Formed last year, the Pacific Palisades task force underscores the growing focus on homelessness in Los Angeles, as outdoor encampments spread from downtown’s Skid Row area into residential neighborhoods, creating a political crisis in the U.S.’s second-most-populous city after New York.
“We are not just talking about increases in places that previously had large encampments,” said Pete White, founder of the Community Action Network, which advocates for more affordable housing in Los Angeles. “We are starting to see encampments all over the city.”
The national homeless population declined 2% in 2015 over the prior year, according to federal data released this month, with the number living outdoors down 1%. But in Los Angeles County, which includes the city and other growing cities such as Long Beach, Burbank and Pasadena, the homeless population has increased 20% over the past year to about 41,000, with a 28% increase in the number of people living outdoors.

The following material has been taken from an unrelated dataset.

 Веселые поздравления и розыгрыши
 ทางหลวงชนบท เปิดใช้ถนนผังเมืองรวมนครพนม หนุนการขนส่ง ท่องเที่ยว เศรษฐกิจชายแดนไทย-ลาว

Here’s the trouble: drunks and junkies don’t want to work, and don’t want to live in shelters, and who can blame them? A job would require sobriety and a fixed schedule and people telling them what to do. As for shelters, listen to Bobby Foster, who lives on the beach in surfer land:
Mr. Foster, a [claimed] Army veteran who has been living in the park for nearly seven years, was drawn to the area by the beach and generosity of its people. Police evicted him from his usual spot in the grove and seized his food and belongings but he planned on moving back, he said. He wasn’t interested in the city’s $100 million homeless initiative, he added, explaining that he enjoyed living outdoors.
“They want to put us in a homeless shelter with basically 24 people,” Mr. Foster said. “I don’t want to live in that environment. I have been there before. It is like a damn prison cell.”
Again, who can blame him, but there’s no point trying to help him. We all make choices in life.